| recalibrate {recalibratiNN} | R Documentation |
Generates Recalibrated Samples of the Predictive Distribution
Description
This function offers recalibration techniques for regression models that assume Gaussian distributions by using the Mean Squared Error (MSE) as the loss function. Based on the work by Torres R. et al. (2024), it supports both local and global recalibration approaches to provide samples from a recalibrated predictive distribution. A detailed algorithm can also be found in Musso C. (2023).
Usage
recalibrate(
yhat_new,
pit_values,
mse,
space_cal = NULL,
space_new = NULL,
type = c("local", "global"),
p_neighbours = 0.1,
epsilon = 0
)
Arguments
yhat_new |
Numeric vector with predicted response values for the new (or test) set. |
pit_values |
Numeric vector of Global Probability Integral Transform (PIT) values calculated on the calibration set. We recommend using the PIT_global function. |
mse |
Mean Squared Error calculated from the calibration/validation set. |
space_cal |
Numeric matrix or data frame representing the covariates/features of the calibration/validation set, or any intermediate representation (like an intermediate layer of a neural network). |
space_new |
Similar to space_cal, but for a new set of covariates/features, ensuring they are in the same space as those in space_cal for effective local recalibration. |
type |
Character string to choose between 'local' or 'global' calibration. |
p_neighbours |
Proportion (0,1] of the calibration dataset to be considered for determining the number of neighbors in the KNN method. Default is set to 0.1. With p_neighbours=1, calibration is global but weighted by distance. |
epsilon |
Numeric value for approximation in the K-nearest neighbors (KNN) method. Default is 0, indicating exact distances. |
Details
The calibration technique implemented here draws inspiration from Approximate Bayesian Computation and Inverse Transform Theorem, allowing for recalibration either locally or globally. The global method employs a uniform kernel, while the local method employs an Epanechnikov kernel.

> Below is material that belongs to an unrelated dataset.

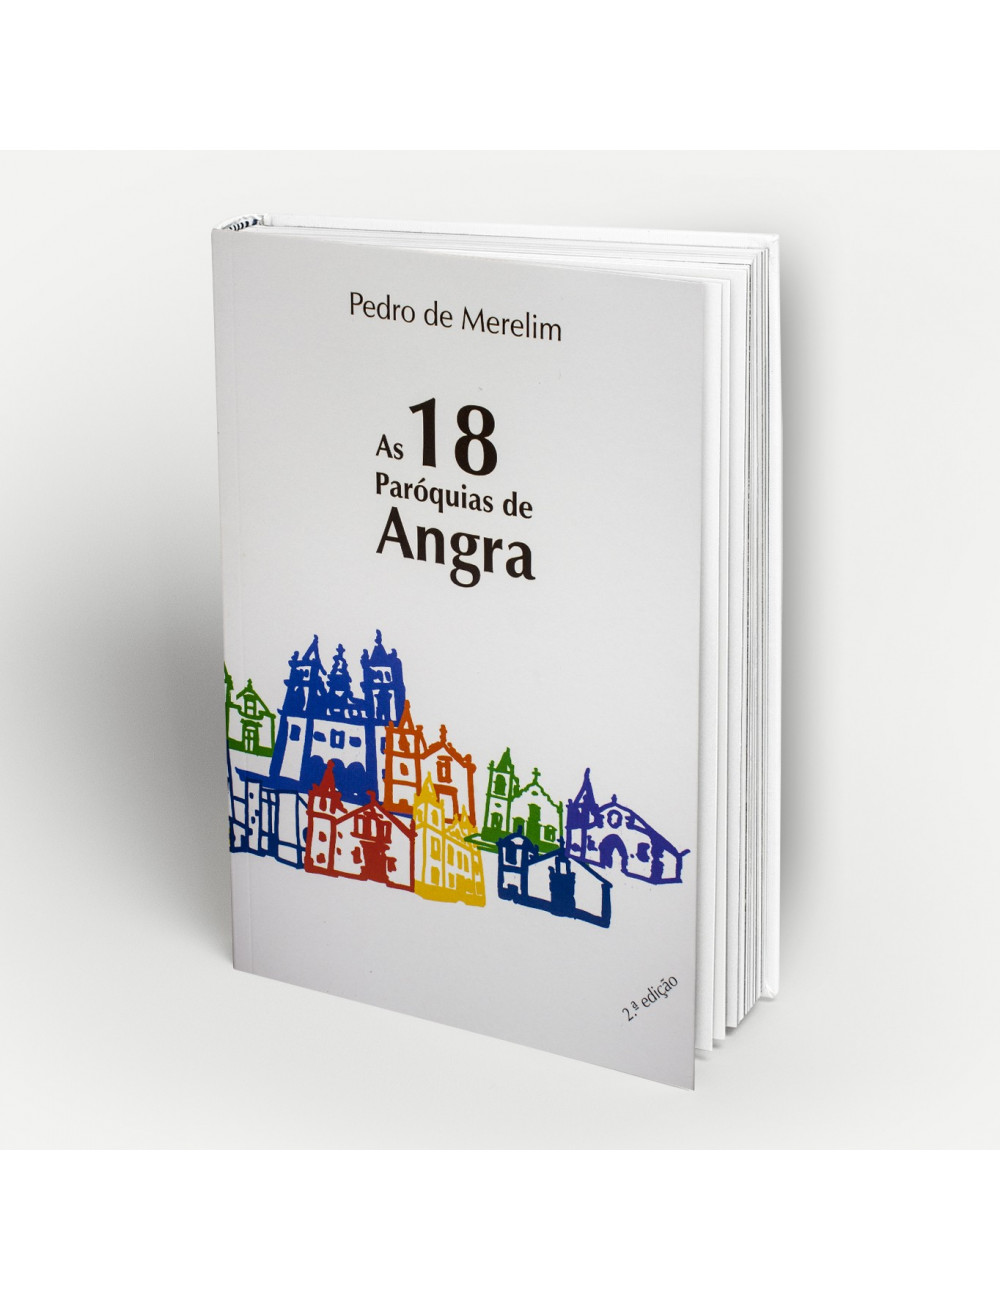 "As 18 Paróquias de Angra"

It's important to note that the least squares method will only yield a probabilistic interpretation if the output to be modeled follows a normal distribution, and this assumption was used to implement this function.

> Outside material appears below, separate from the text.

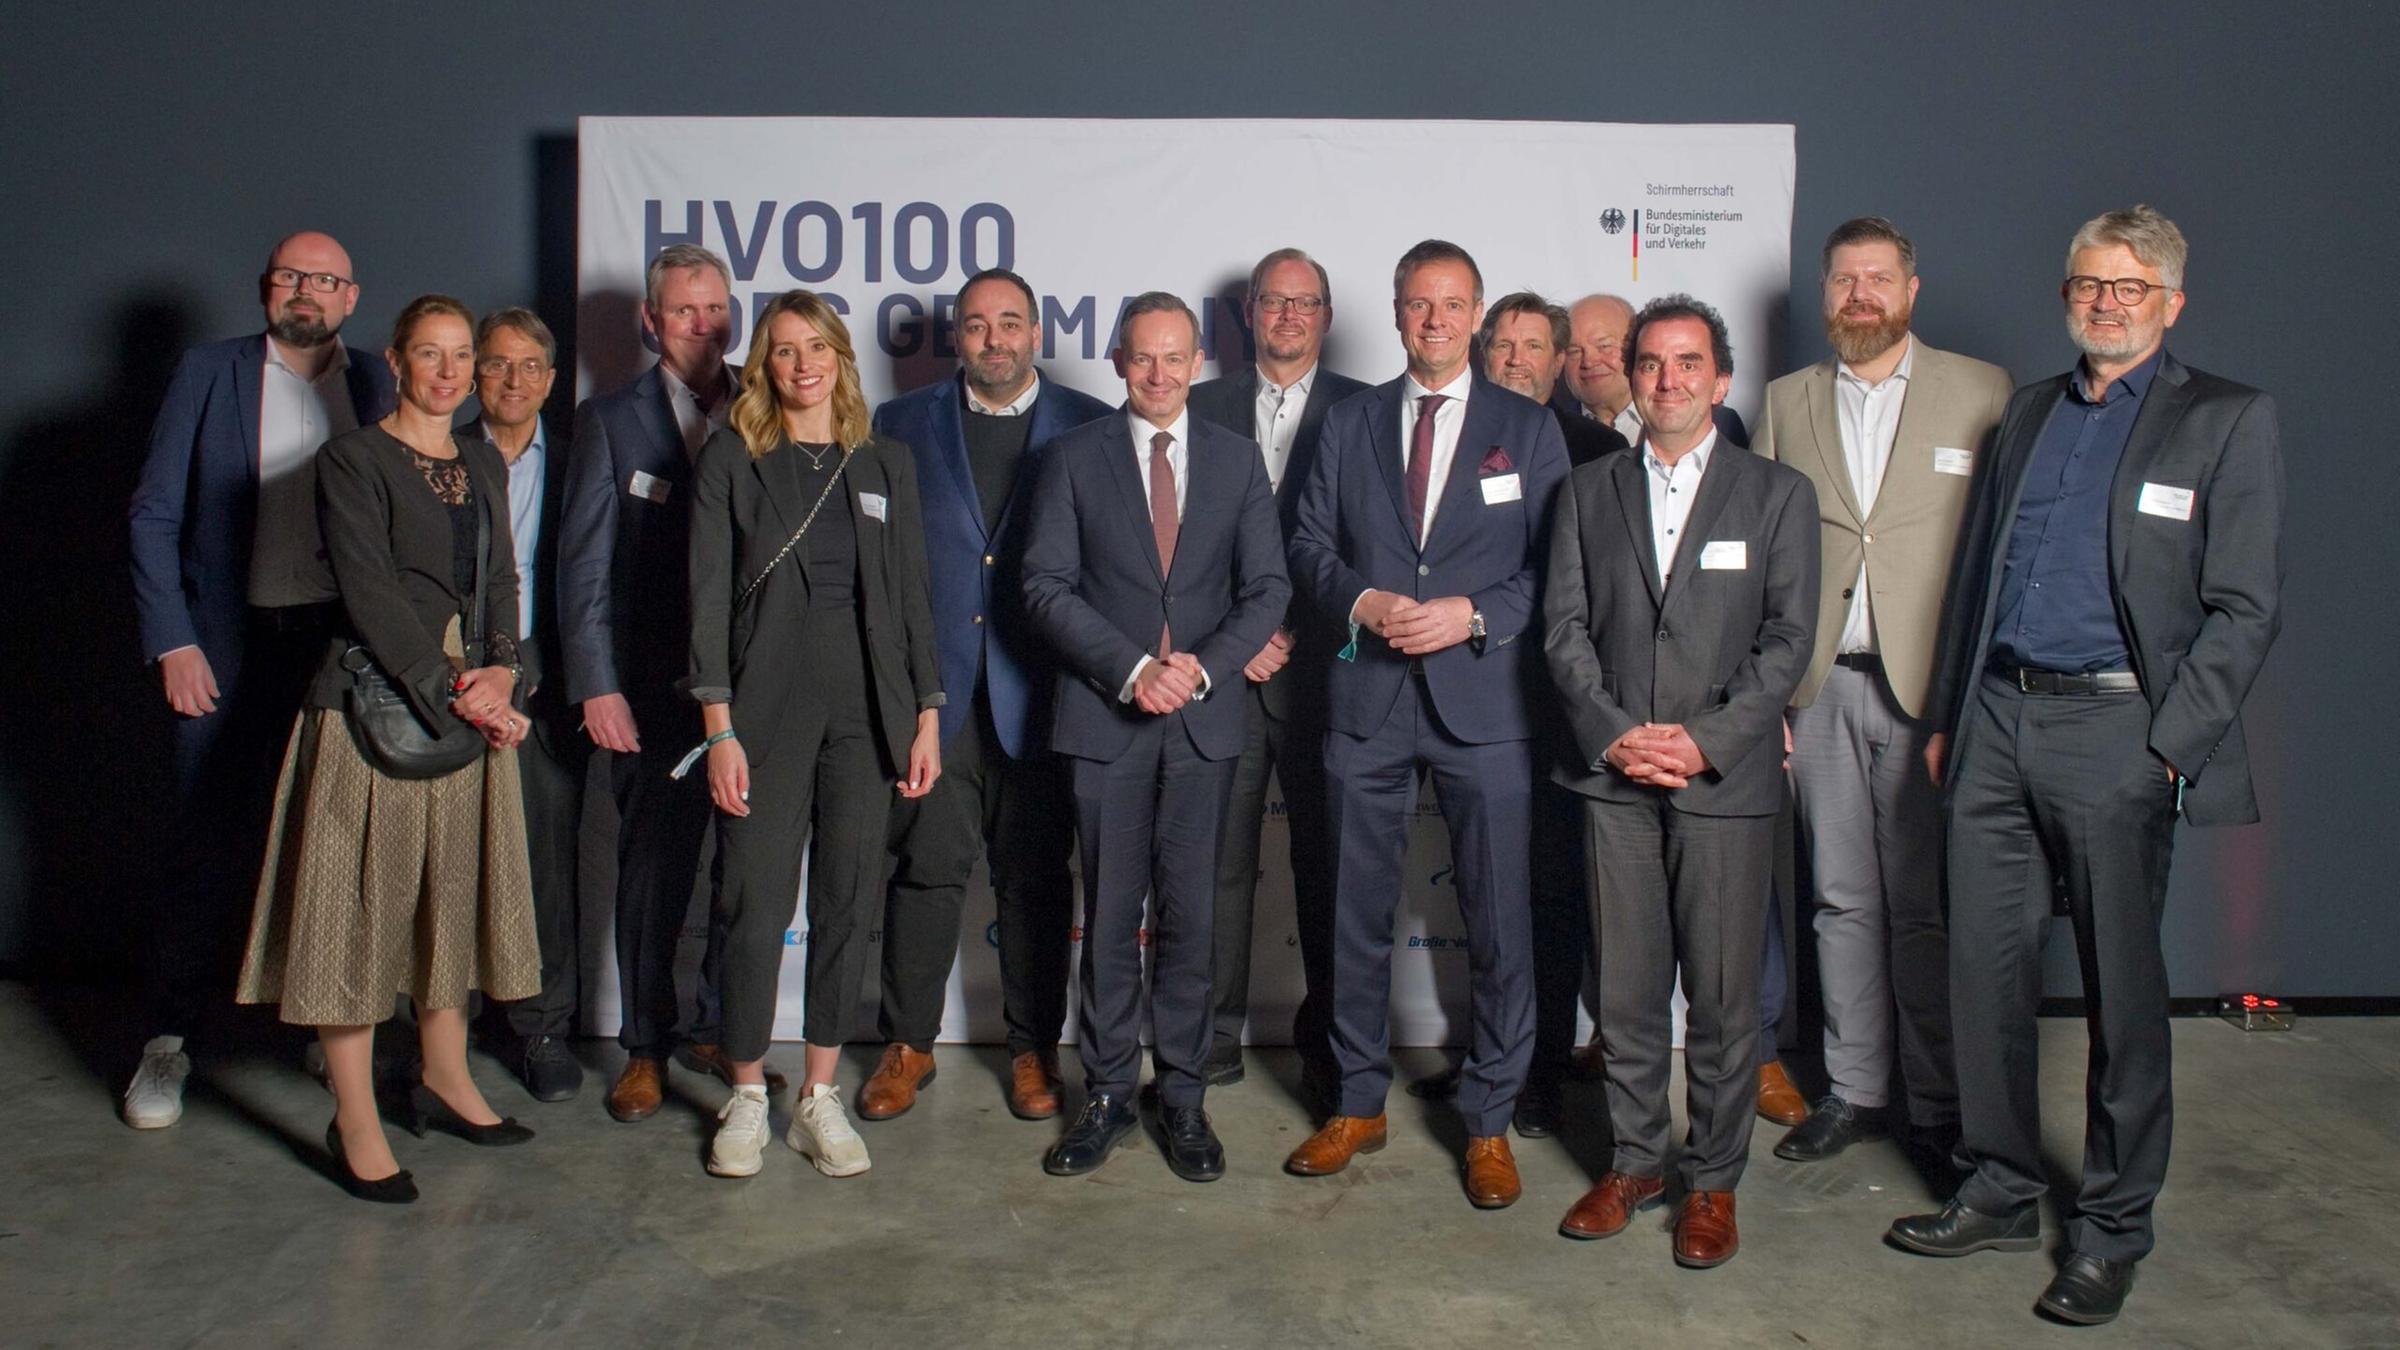 Gruppenfoto mit Minister Wissing und Unterstützern der Kampagne "HVO100 goes Germany" am 13. März 2024.

The local recalibration method is expected to improve the predictive performance of the model, especially when the model is not able to capture the heteroscedasticity of the data. However, there is a trade off between refinement of localization and the Monte Carlo error, which can be controlled by the number of neighbors. That is, when more localized, the recalibration will grasp local changes better, but the Monte Carlo error will increase, because of the reduced number of neighbors.
When p_neighbours=1, recalibration is performed using the entire calibration dataset but with distance-weighted contributions.
Value
A list containing the calibrated predicted mean and variance, along with samples from the recalibrated predictive distribution and their respective weights calculated using an Epanechnikov kernel over the distances obtained from KNN.
References
Torres R, Nott DJ, Sisson SA, Rodrigues T, Reis JG, Rodrigues GS (2024). “Model-Free Local Recalibration of Neural Networks.” arXiv preprint arXiv:2403.05756. doi:10.48550/arXiv.2403.05756. Musso C (2023). “Recalibration of Gaussian Neural Network Regression Models: The RecalibratiNN Package.” Undergraduate Thesis (Bachelor in Statistics), University of BrasÃlia. Available at: https://bdm.unb.br/handle/10483/38504.
Examples
n <- 1000
split <- 0.8
# Auxiliary functions
mu <- function(x1){
10 + 5*x1^2
}
sigma_v <- function(x1){
30*x1
}
# Generating heteroscedastic data.
x <- runif(n, 1, 10)
y <- rnorm(n, mu(x), sigma_v(x))
# Train set
x_train <- x[1:(n*split)]
y_train <- y[1:(n*split)]
# Calibration/Validation set.
x_cal <- x[(n*split+1):n]
y_cal <- y[(n*split+1):n]
# New observations or the test set.
x_new <- runif(n/5, 1, 10)
# Fitting a simple linear regression, which will not capture the heteroscedasticity
model <- lm(y_train ~ x_train)
y_hat_cal <- predict(model, newdata=data.frame(x_train=x_cal))
MSE_cal <- mean((y_hat_cal - y_cal)^2)
y_hat_new <- predict(model, newdata=data.frame(x_train=x_new))
pit <- PIT_global(ycal=y_cal, yhat= y_hat_cal, mse=MSE_cal)
recalibrate(
space_cal=x_cal,
space_new=x_new,
yhat_new=y_hat_new,
pit_values=pit,
mse= MSE_cal,
type="local")